# WOW-Retail startet mit mal nicht mehr



## ForenTroll (12. Oktober 2022)

Sonntag Nachmittag noch ganz normal gespielt, Spiel beendet und PC runter gefahren. Später am Abend den PC gestartet, die B-net App gestartet, auf spielen geklickt und nichts ging mehr. Entweder bekam ich eine Fehlermeldung oder es passierte überhaupt nichts mehr.
Dabei wurden weder Hard- noch Soft-Ware geändert oder aktualisiert. Auch das BS wurde nicht aktualisiert.

Ich hab dann:
- alle Addons deaktiviert
- den WTF & Interface Ordner entfernt
- Cache geleert
- Spiel de- und neu-installiert
- alle Blizzard Anwendungen, incl. B-net App, deinstalliert
- Graka Treiber aktualisiert
- B-net App & WOW erneut installiert
- Alles an nötigen Freigaben manuell in den Defender eingetragen.

und nach jedem Schritt immer wieder das gleiche Ergebnis.
Spaßeshalber habe ich dann auf einer alten Möhre( FX 4300 & Radeon R7 260) einen neuen B-net Acc. erstellt und dort WOW( als Probeversion) installiert und es lief sofort. Noch eigne Addons manuell installiert und es lief immer noch 

-  noch mal die WOW.exe manuelle "als Administrator ausführen" eingestellt.

dann mit mal startete WOW mit mal wieder. Ein paar Addons installiert, wieder das Gleiche. Addons deinstalliert und wieder nix 
Und bevor ich nun hin gehe und Windows und alles andere noch mal komplett neu installiere, wollte ich hier noch mal nachfragen, ob einem noch was besonderes einfällt. Denn ich bin mit meinem Latein am Ende


----------



## soulstyle (12. Oktober 2022)

Moin, 

Ich würde WOW komplett einmal deinstalieren, die Ordner löschen und nochmal komplett WOW neu installieren.
Bestimmt eine Datei schadhaft.
Bevor man jetzt stundenlang nach den Fehler sucht.

Hast Du irgendwelche Cleaning Software benutzt?


----------



## ForenTroll (12. Oktober 2022)

soulstyle schrieb:


> Hast Du irgendwelche Cleaning Software benutzt?
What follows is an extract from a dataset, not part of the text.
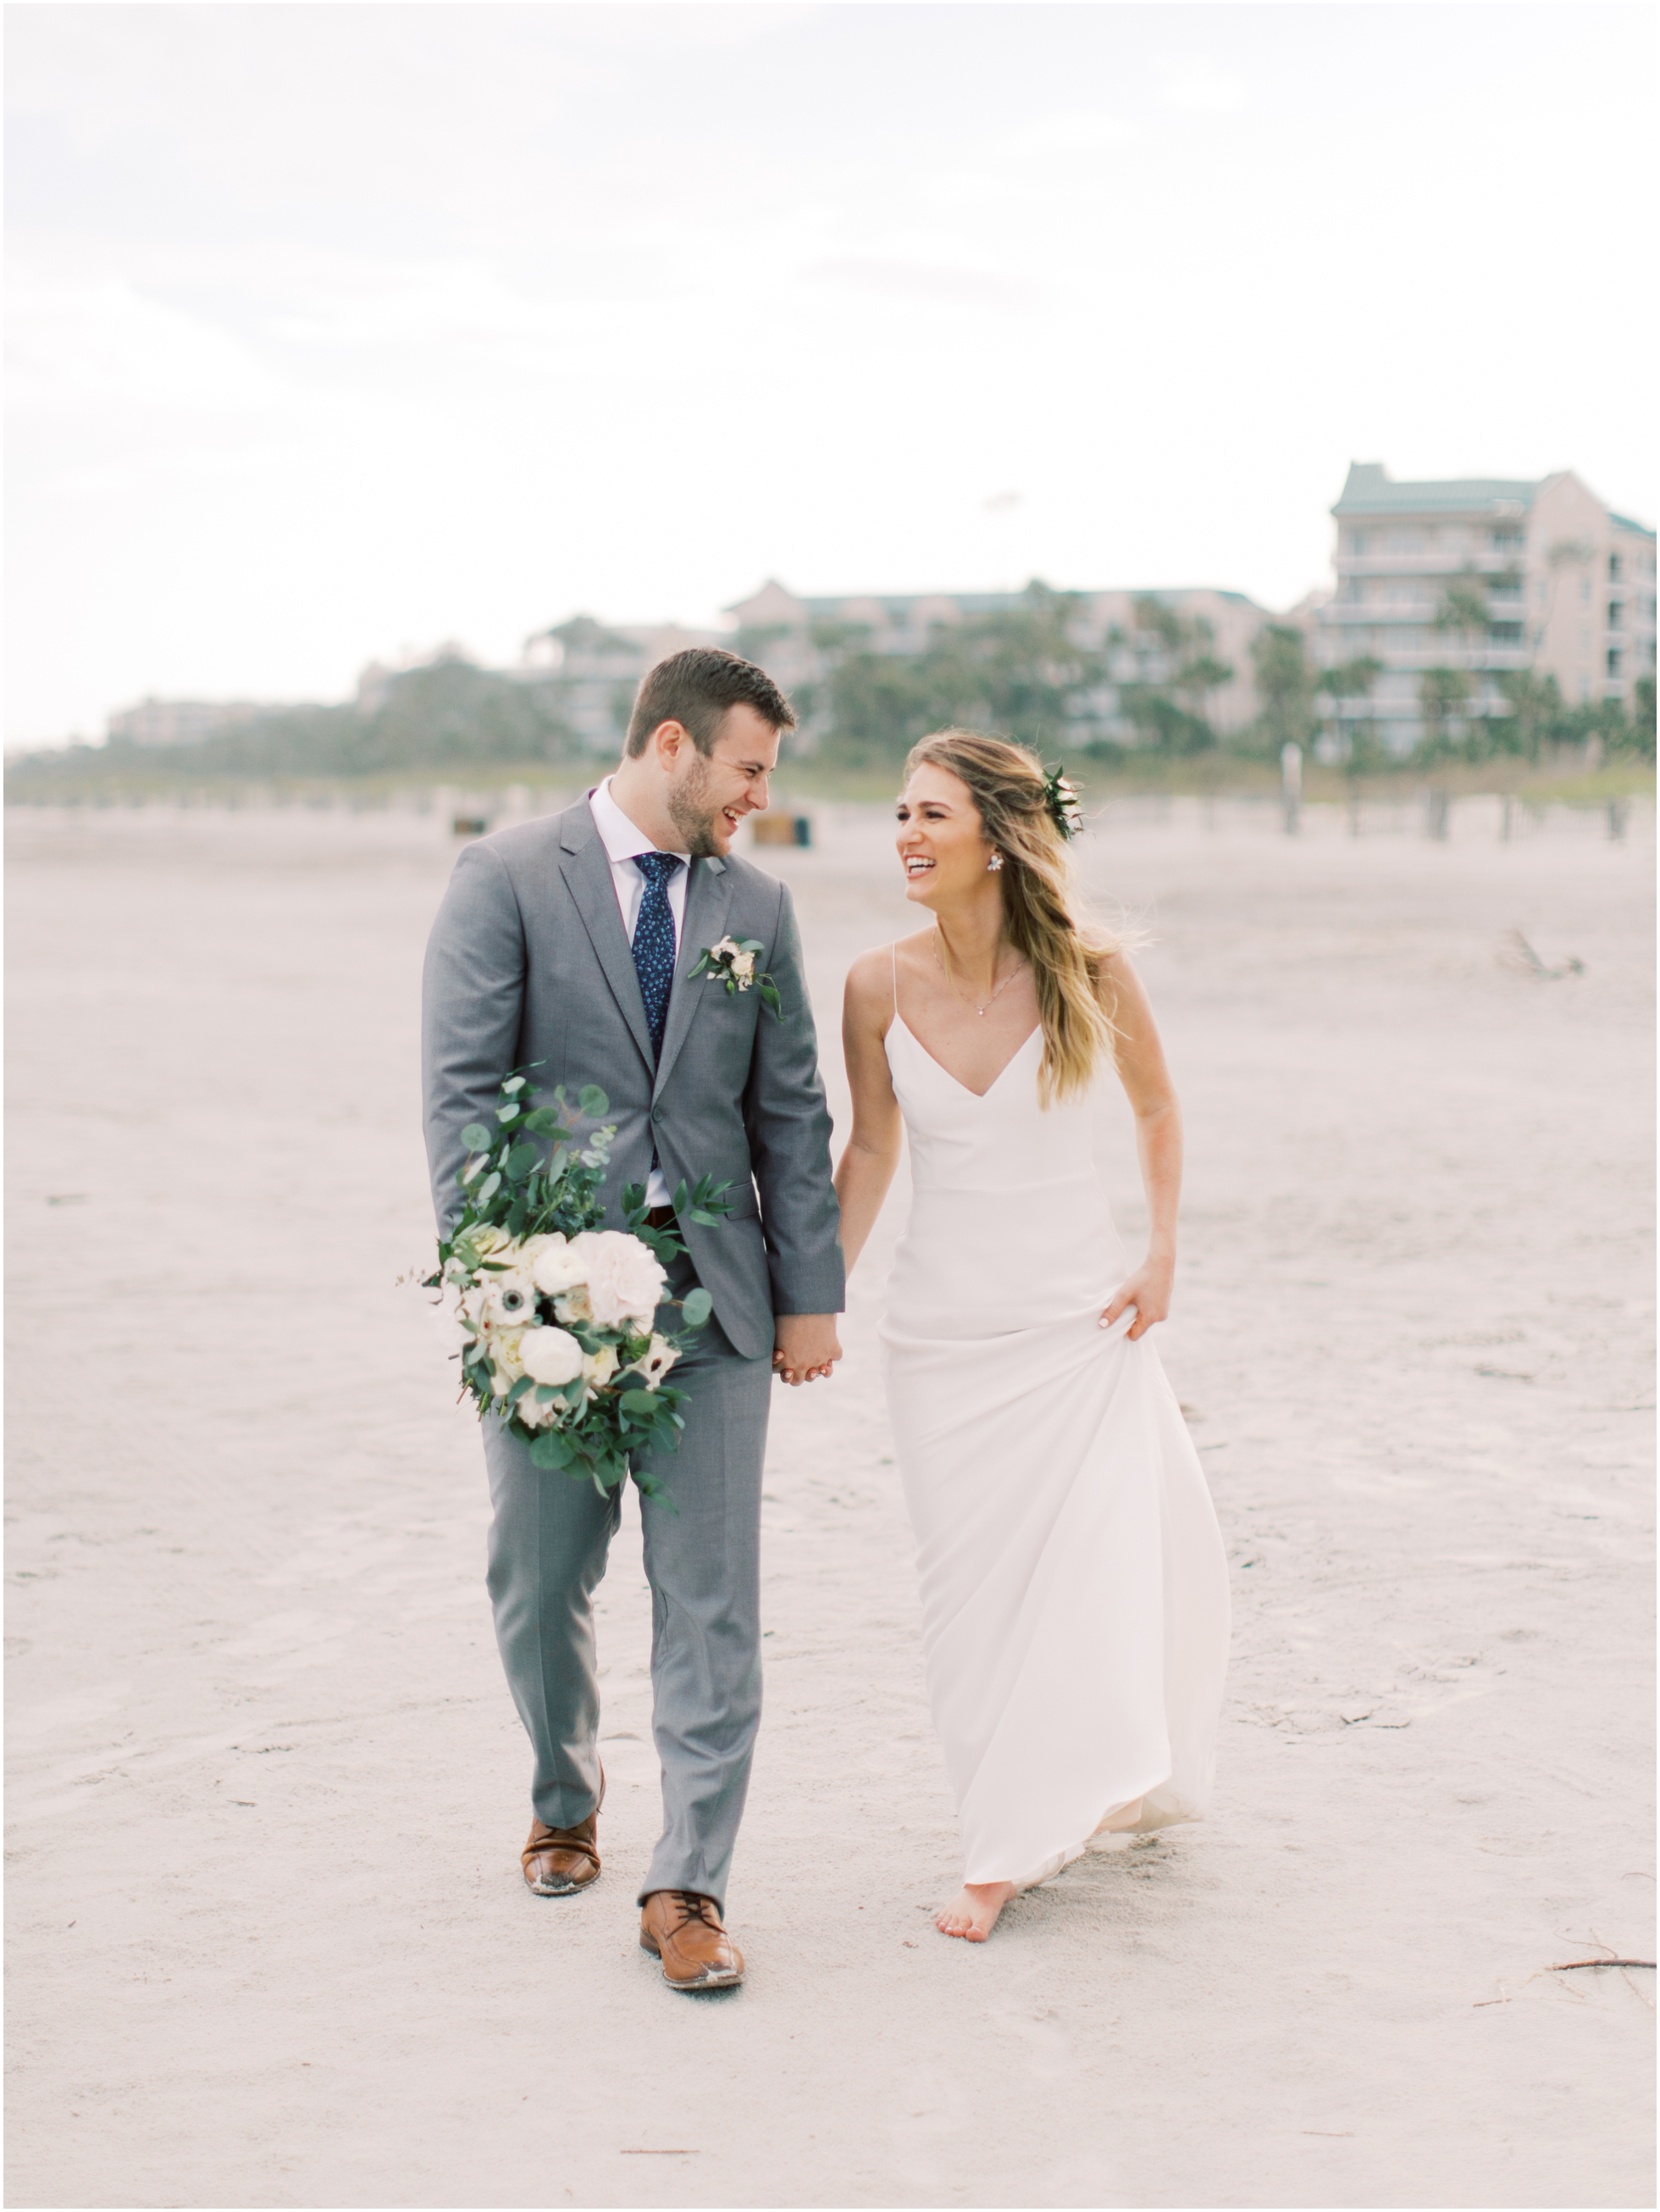 A Beachy, Breezy Hilton Head Island Wedding at the Omni

Nein und das mit dem kompletten Deinstallieren und dann neu installieren habe ich auch schon hinter mir. Leider ohne Erfolg


----------



## sp01 (12. Oktober 2022)

Hast du schon mal das B-Net deinstalliert oder nur WoW?
Ich habe die Vermutung das eine neuinstallation des B-Nets helfen könnte. Zuvor noch manuell die restlichen Ordner entfernen, damit es auch wirklich sauber ist.


----------



## ForenTroll (12. Oktober 2022)

sp01 schrieb:


> Hast du schon mal das B-Net deinstalliert oder nur WoW?
> Ich habe die Vermutung das eine neuinstallation des B-Nets helfen könnte. Zuvor noch manuell die restlichen Ordner entfernen, damit es auch wirklich sauber ist.


Jup, das hatte ich auch schon gemacht


----------



## ForenTroll (13. Oktober 2022)

sp01 schrieb:


> Hast du schon mal das B-Net deinstalliert oder nur WoW?
> Ich habe die Vermutung das eine neuinstallation des B-Nets helfen könnte. Zuvor noch manuell die restlichen Ordner entfernen, damit es auch wirklich sauber ist.


Ich hatte zum Schluss alles von Blizzard, also alle Games und auch die B-Net App, deinstalliert so wie manuell alle Odner gelöscht die etwas mit Blizzard oder den Games zu tun hatten. Und das auch im Roaming Ordner.
Erst dann hatte ich wie WoW und die App installiert. Nur hat das alles nichts gebracht


----------



## sp01 (14. Oktober 2022)

Seltsam, dann geht die Fehlersuche vermutlich bei der Hardware weiter 
Zuerst mal das Netzwerk check, Festplatte und RAM – würde ich so vorgehen.
wurde sonst irgend was grösser am Rechner geändert oder Software installiert (zb Antivierus/Firewall) das vor dem Problem noch nicht vorhanden war?


----------



## soulstyle (14. Oktober 2022)

Hast Du noch eine Festplatte?

Wenn ja, würde ich das Betriebssytem auf einer anderen Festplatte neu installieren und danch
WOW  installieren und schauen ob es dann läuft.
Nicht die vorhandene Platte mit dem Betriebsystem nutzen.(Am besten ausbauen).
Wenn das klappt musst Du dein Betriebssytem komplett neu installieren.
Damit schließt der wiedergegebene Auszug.